The FAA does have policies and regulations in place to minimize the risks associated with cheap rechargeable batteries. In fact, if you ever ship an item with a lithium-ion battery, carriers are required to ship it via ground transportation. But passengers can still take batteries on the plane with them. It would be tough to implement a policy banning everyone’s phones, tablets, computers, headphones, etc.
To put the concern in perspective, the FAA says it has received at least 265 reports of incidents involving batteries—since 1991. That data lists some 50 e-cigarette related smoke or fire incidents at airports or on planes. That number exceeds the number of reported incidents for laptops and tablets, battery chargers, spare batteries and cell phones.
FAA Signals It Won’t Ban E-Cigarettes Despite Union Request
The FAA requires flight attendants to receive firefighting training so they can handle battery fires on a flight. Typically, dealing with a fire means tossing a smoking or flaming device into a fire-retardant bag. In the luggage hold, however, planes’ fire extinguishing systems aren’t strong enough to put out the intense heat from a flaming lithium-ion battery. “How about we just not have these e-cigarettes on the plane at all,” Association of Flight Attendants President Sara Nelson told CBS News.
The Flight Safety Foundation agrees that the cheap lithium-ion batteries in e-cigarettes pose a serious concern. But the organization also believes a ban wouldn’t make sense. The FAA concurs. “Because of the wide variety of battery issues that can occur, it is important that airlines have the flexibility to assess and address the risks involved in each individual situation,” an FAA spokesperson told “CBS This Morning.”

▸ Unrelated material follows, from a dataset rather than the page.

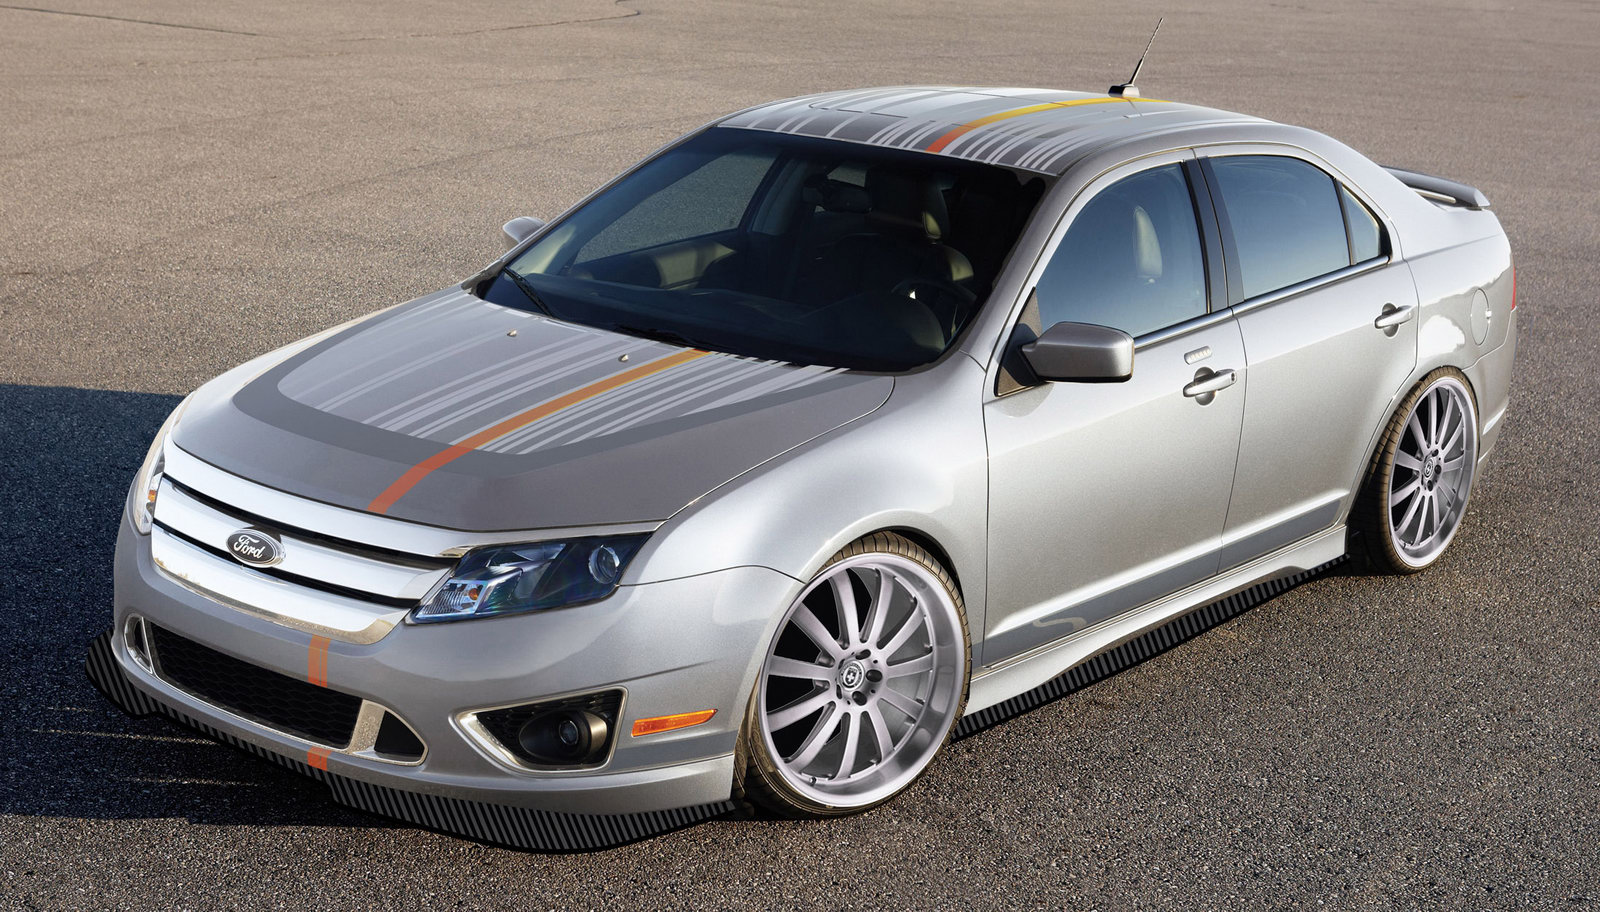 2010 Ford fusion performance upgrades
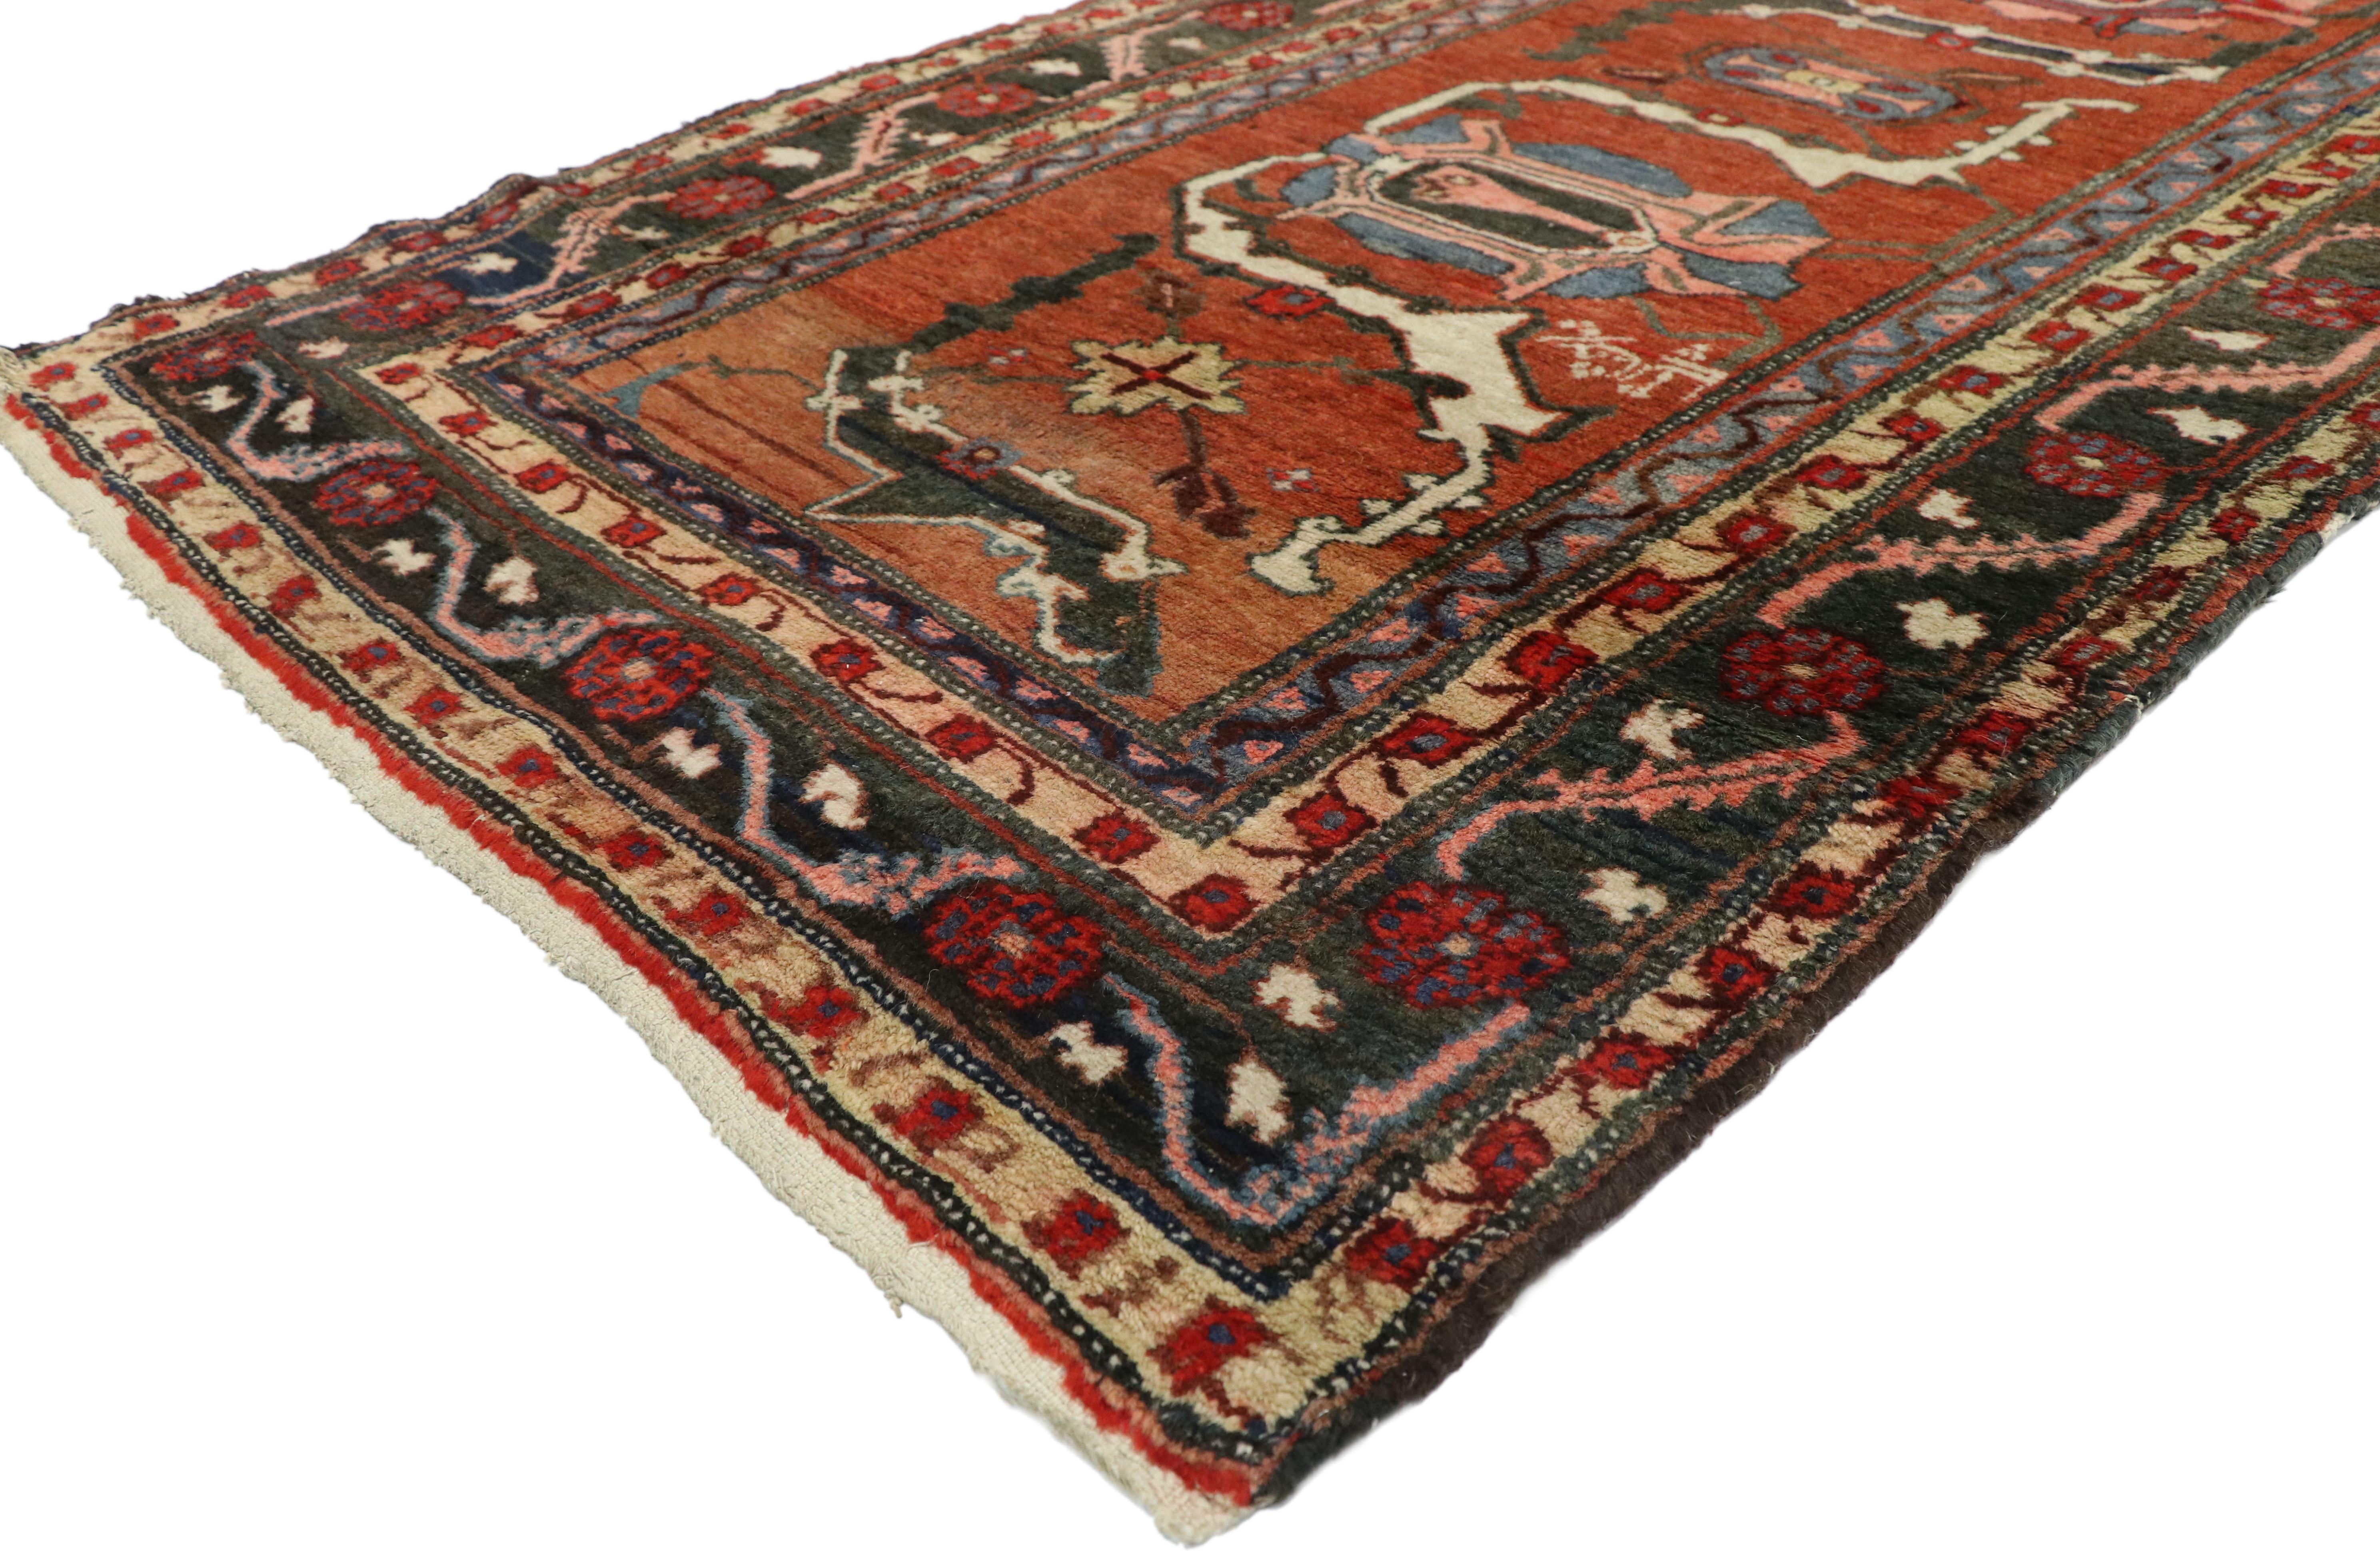 73248, distressed antique Persian Hamadan runner with Industrial Jacobean style. The harmony of time-softened colors combined with a large-scale meander palmette design in this distressed antique Persian Hamadan runner creates an unforgettable

So far, there have been no catastrophic incidents involving batteries catching fire on airplanes. But with e-cigarettes, warn concerned flight attendants, it’s only a matter of time. Amid ongoing efforts to reduce vape-related illnesses and deaths, the risk of a major incident involving e-cig devices seems like a relevant concern. For now, however, the FAA is still letting travelers take their vape and e-cig devices on planes.